··· Available data
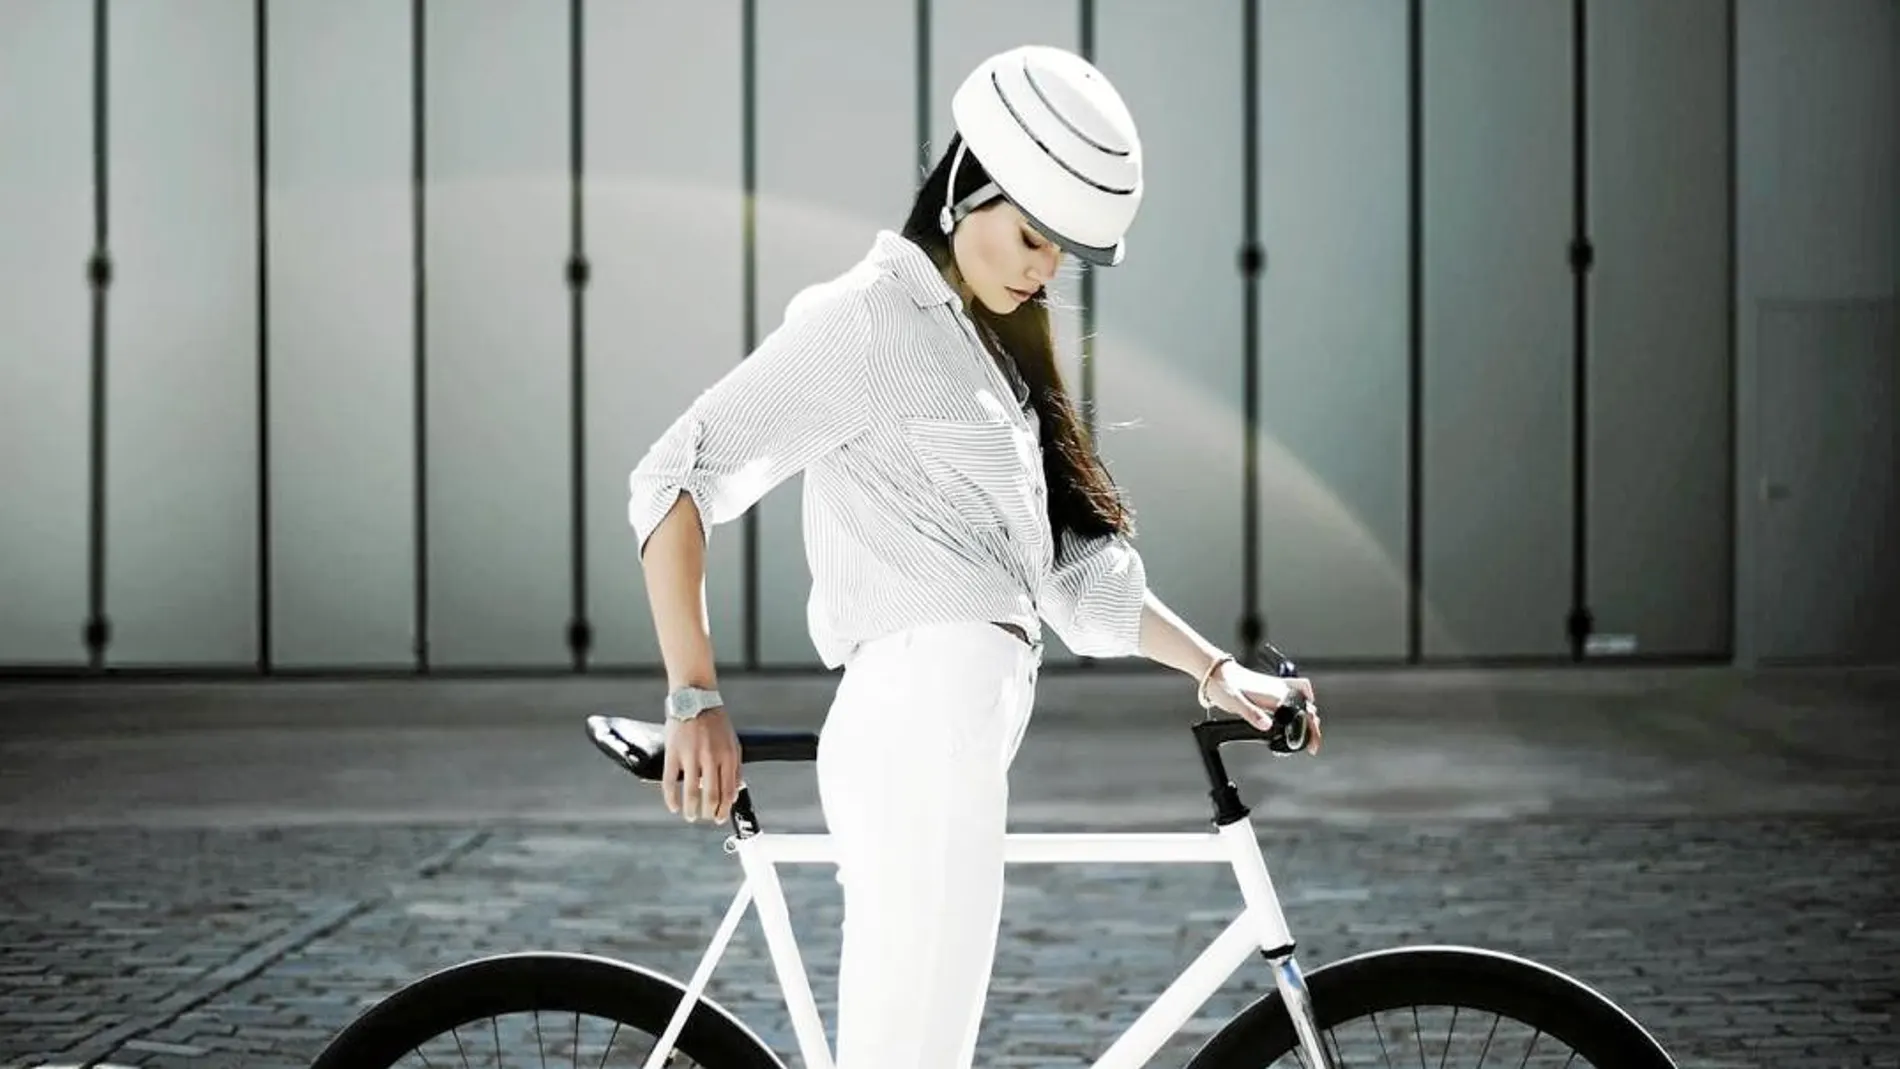 El casco plegable está pensado para que más gente vaya en bicicleta. Tras el artilugio se esconde la idea de un mundo más sostenible y consciente
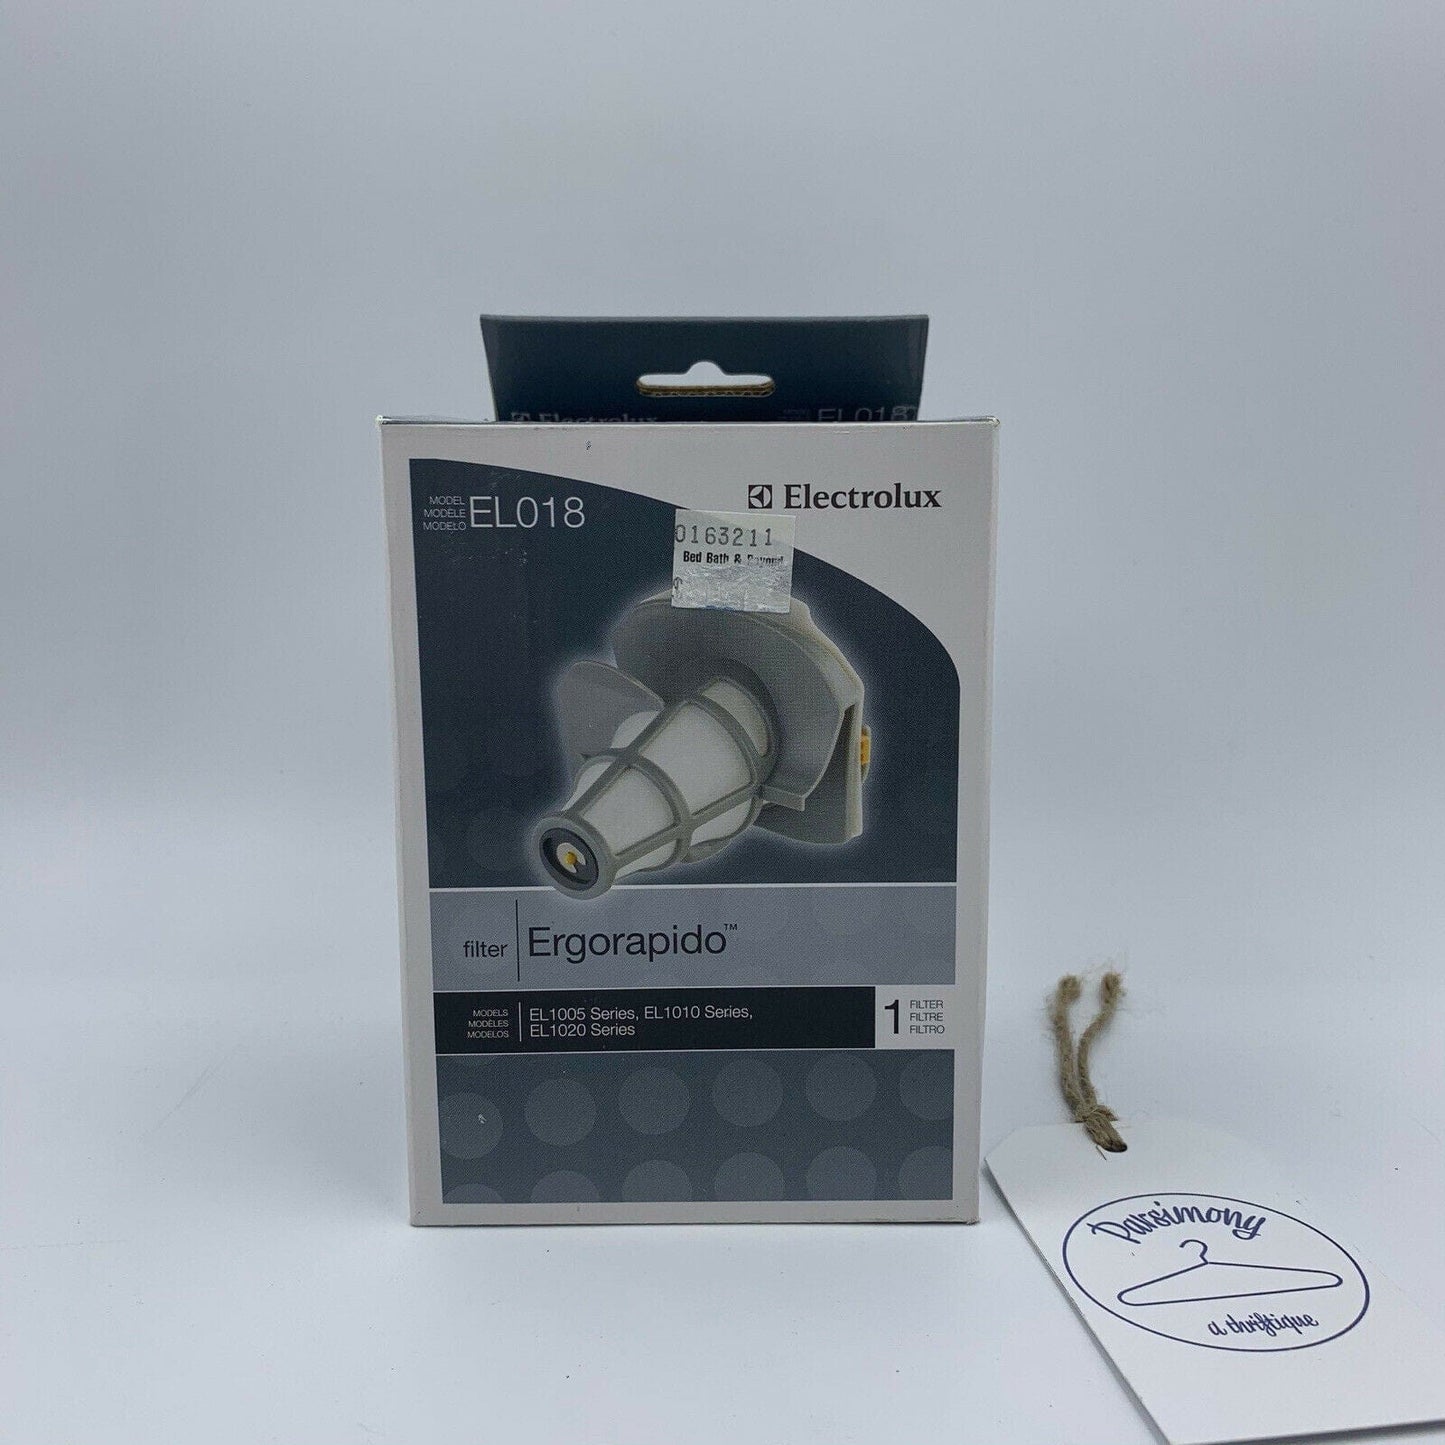 NEW Electrolux Vacuum Filter EL018 EL1005 EL1010 EL1020 Series
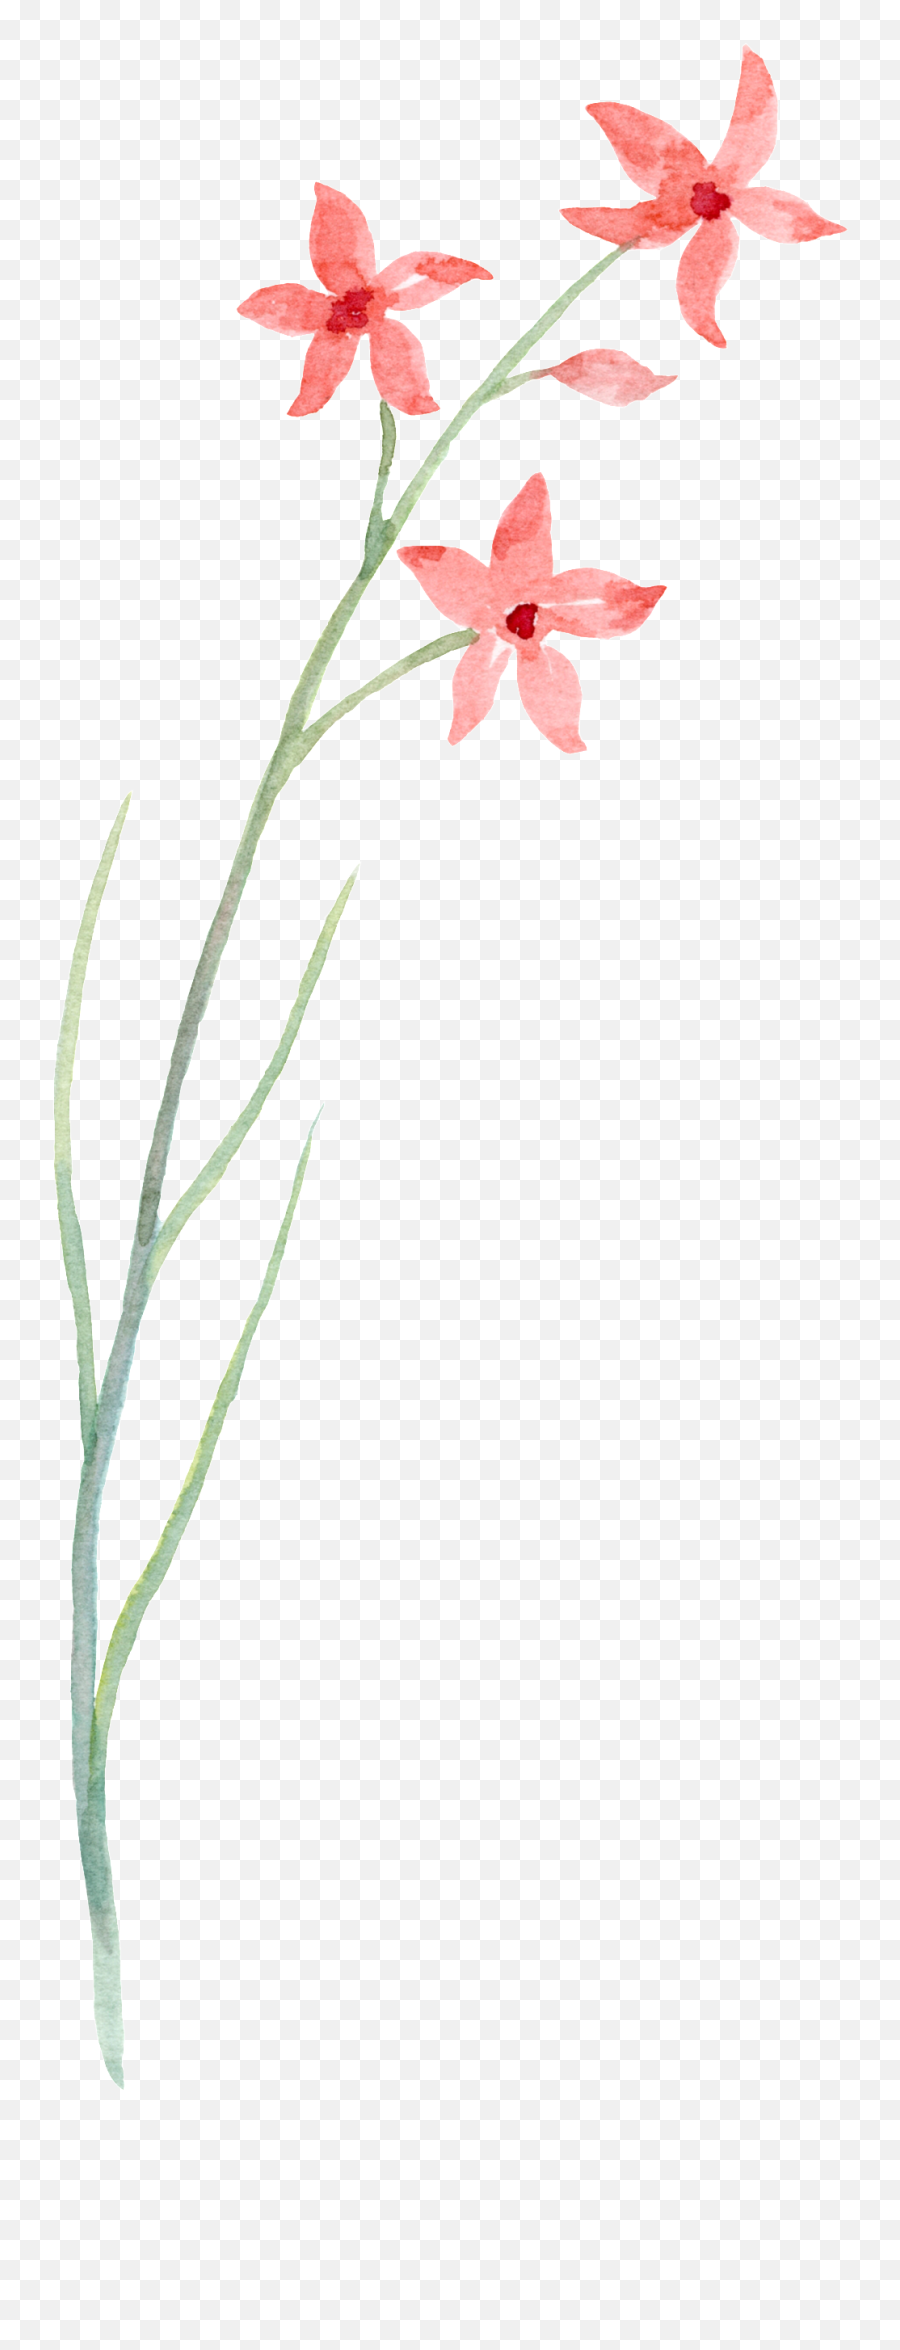 Download Simple Line Floral Transparent Decorative - Flower Emoji,Floral Transparent
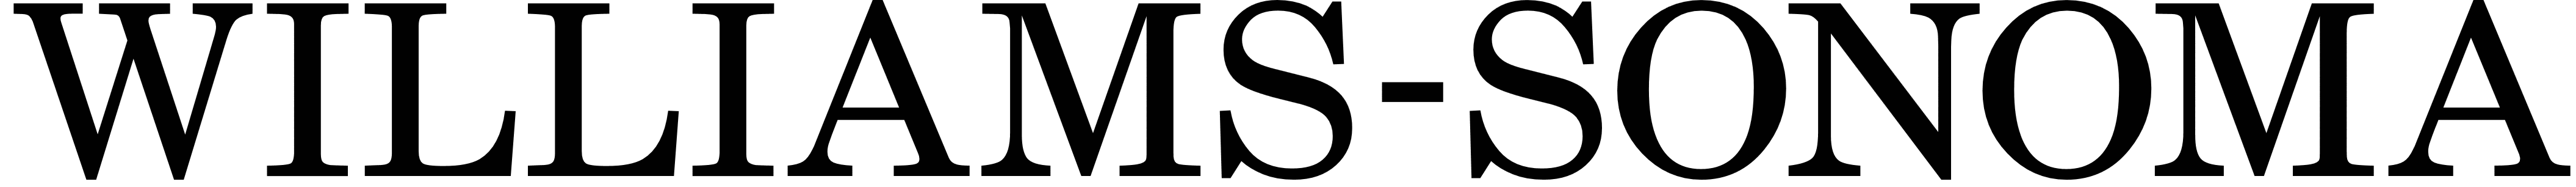 Williams-Sonoma logo, logotype
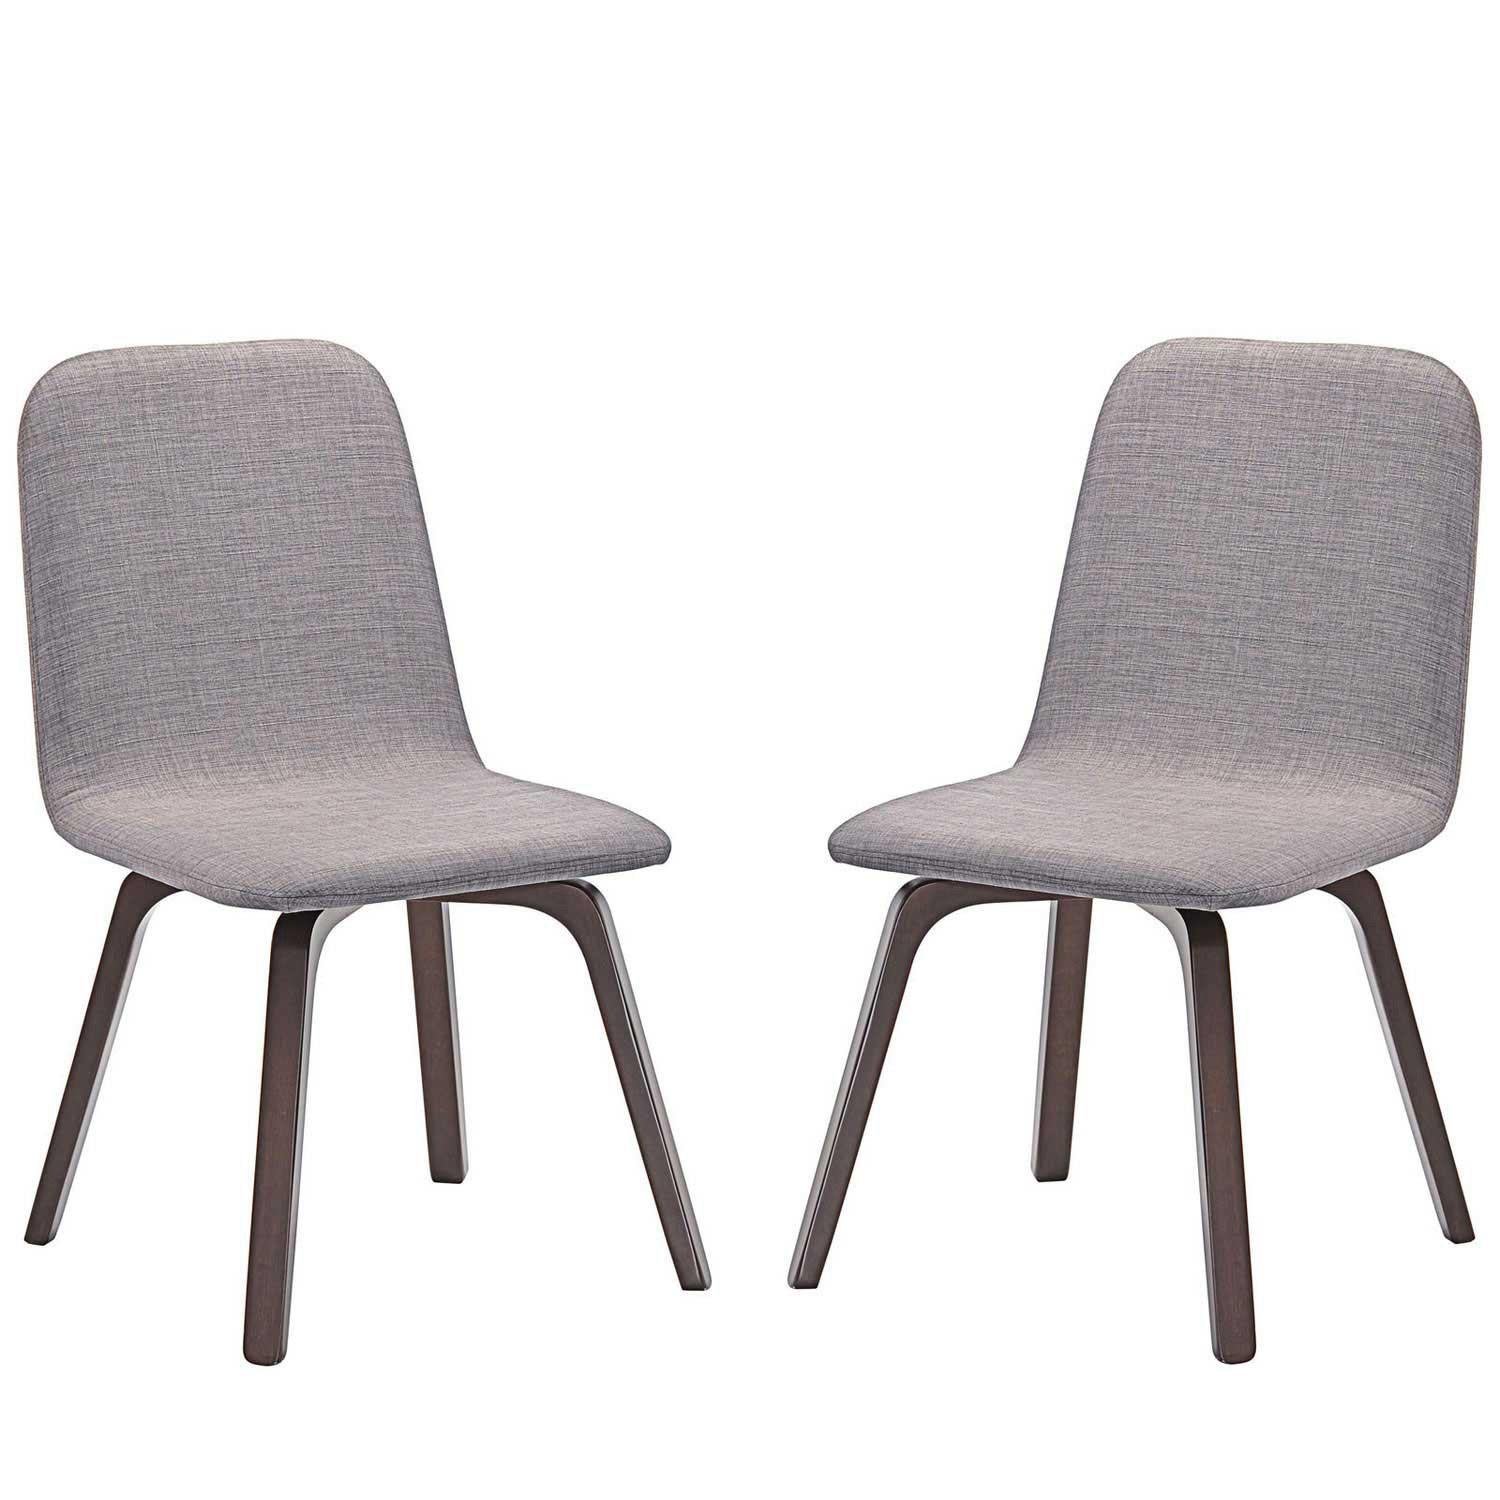 Modway Assert Dining Side Chair Set of 2 - Walnut Gray
······
▸ **Instructions to follow**:
Beginning with the line that holds "Williams-Sonoma logo, logotype" and ending with the last line of the material above, extract every line exactly, pictures excluded.

▸ **Task result**:
 Williams-Sonoma logo, logotype
 Modway Assert Dining Side Chair Set of 2 - Walnut Gray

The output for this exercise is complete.